The Wedding Shower

bridal showerNorah and I have been to quite a few wedding and baby showers lately. Last weekend, as we were loading the car with ribbons and another gift-wrapped Crock Pot, I explained a few things to her.

“We’re going to go eat chicken salad,” I said. “And veggies off of a platter.” She looked silently up at me, but seemed to understand.

“There will also be small cupcakes, of course, and fruit salad,” I continued.

Here, I thought I could read a question in her eyes.

“I don’t make the rules,” I said. “I only follow them. I can’t tell you why it is that women universally love chicken salad and veggie platters and small cupcakes… I only know that they do. This is part of what it means to be a woman.”

She seemed to understand this implicitly.

“Someday, you too will be a woman,” I told her. “And then you will eat chicken salad.”

Joy sprang into her eyes.

We arrived at the bridal shower, set our offerings down, and helped to decorate.

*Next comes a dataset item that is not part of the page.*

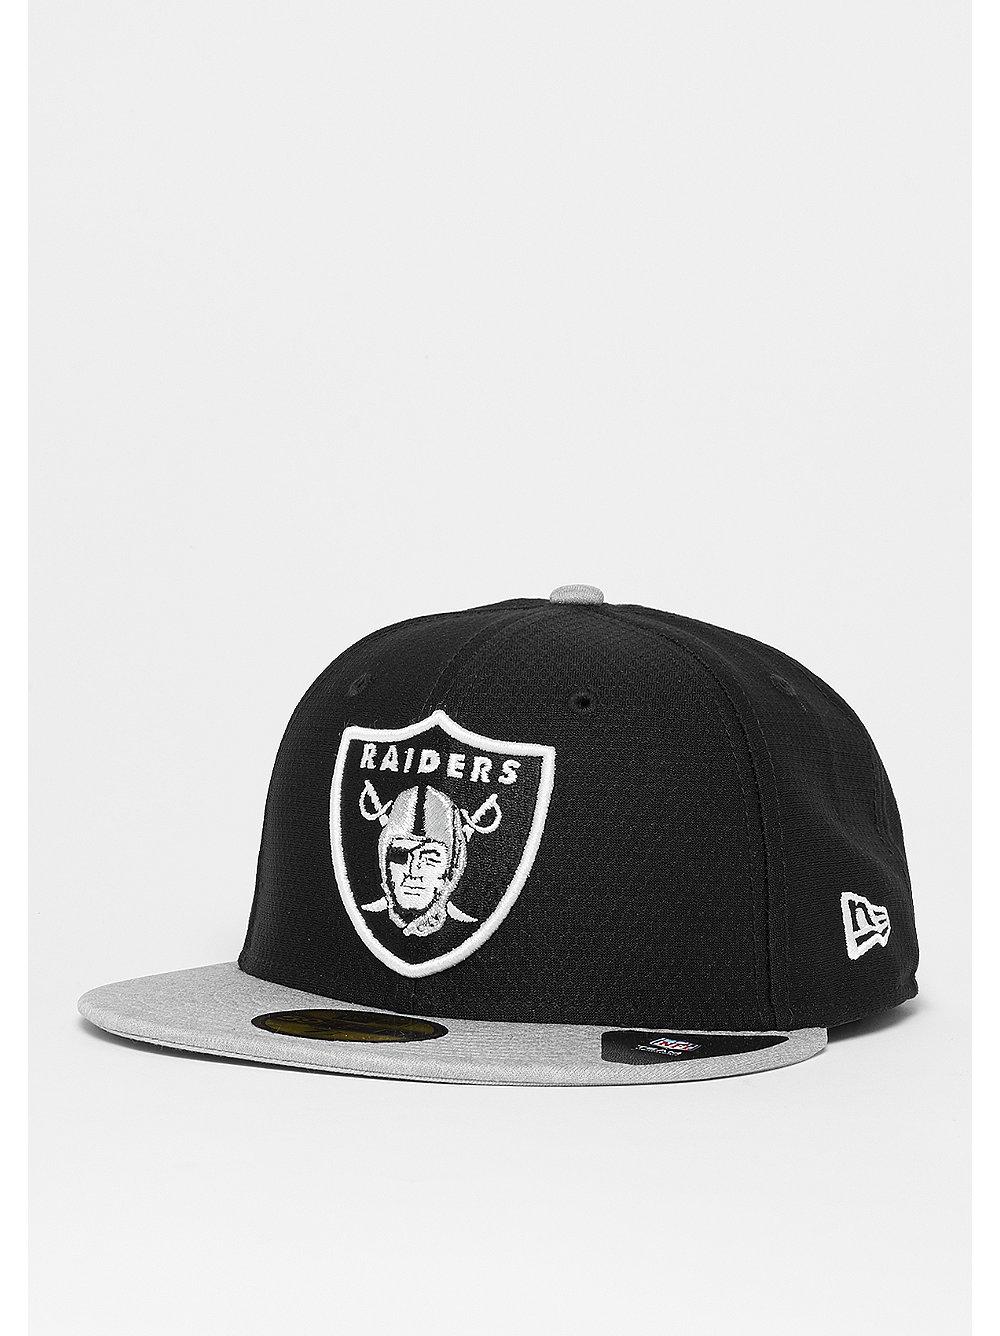 Gorra New Era 59Fifty NFL Oakland Raiders en SNIPES b6760a96900

Norah watched quietly as bouquets of flowers went up, along with burlap, lace, and inexplicable pink striped straws in mason jars. When the bride arrived, we attached a little flower to her shirt, and to the shirt of her mother.

“This is part of it,” I told Norah. “But not the main part.”

There was a short period of greetings and feminine small talk, as the room began to fill. Then, all the ladies filled little clear plastic plates with dainties, and we sat down. Games were announced. “There are always games,” I explained to Norah. “Sometimes you have to taste gross baby food—oh, excuse me—” (she seemed offended for a moment) “—some of it is actually pretty good. Sometimes you have to steal clothes pins from people when they say ‘wedding’ or ‘baby’—sometimes you have to make dresses out of toilet paper, or write date ideas down on a little stick or try to guess the bride’s favorite color and movie and food…”

Her eyes glazed over for a moment and I realized I was boring her.

“I know,” I said. “But they’re actually pretty fun. Still… they’re not the main part.”

Soon, presents where being unwrapped, and all the little girls who had come with their mothers raced down to the front to watch. Ladles! Vacuum cleaners! Blenders! Curtains! The little girls simply couldn’t get enough of seeing the bride react with enthusiasm to each piece. Someday, they too would have blenders.

“This is very nice, and we’re all happy we can do this for the bride,” I told Norah. “But it’s not the main part either.”

I felt that she wanted to form a question, but couldn’t find the words.

“Well,” I answered, “the main part is coming in just a minute.”

Finally, the host of the party stood up and prayed. Then she asked several of the older women to share a few things.

One of them stood and talked about how, in 35 years of marriage, she had learned the importance of kindness. She talked about how, when it comes down to it, not everything you think has to be said, and how at the same time, there are things that you must say every day in order to keep your marriage healthy.

Another stood and talked about praying together, and how in 18 years, there was nothing that helped her and her husband more. It was a way of solving conflict, of knowing one another, and, most importantly, of knowing their God better and better each year.

Another stood and talked about managing a household, practical things about keeping a neat home and planning ahead and going to sleep at a normal time each night. “These aren’t particularly holy sounding things,” she said, “but they’re things that help us every day to feel rested and relaxed enough to tend to our marriage and other relationships.”

Another talked about having fun. “Remember to take time with your close women friends, too,” she said, “and remember to cultivate hobbies with your husband. Get interested in something together… this is what friends do. My husband and I are still friends, after 21 years.”

The women who said things like these were women who would also be taking time out of another weekend to help the bride with the wedding–food, decorations, organization. They were the same women who this young lady had watched for years as they tended to their own homes and families and church life. They were the same women who had taught her Sunday School classes and helped her own parents through difficult times, women who had brought covered meals for dozens upon dozens of sicknesses and babies and moves.

I leaned over and whispered to Norah.

“You see… these are wise women,” I said. “They have been wives and mothers for a very long time, and that’s how they know more than we do about it. And the bride, she is just starting out. This is a new thing she is about to learn to do… being married. So this shower is sort of a way that all the other women can help. And when the wise women speak, the rest of us can learn too, and be reminded of things we forgot. And then we can all talk about it together afterwards and help each other that way.

“And this…” she’d already guessed, but I thought I’d spell it out for her.

This is actually the main part.”

Norah responded to this new knowledge with a coo, and deftly worked her hands into her mouth. I took another bite of chicken salad.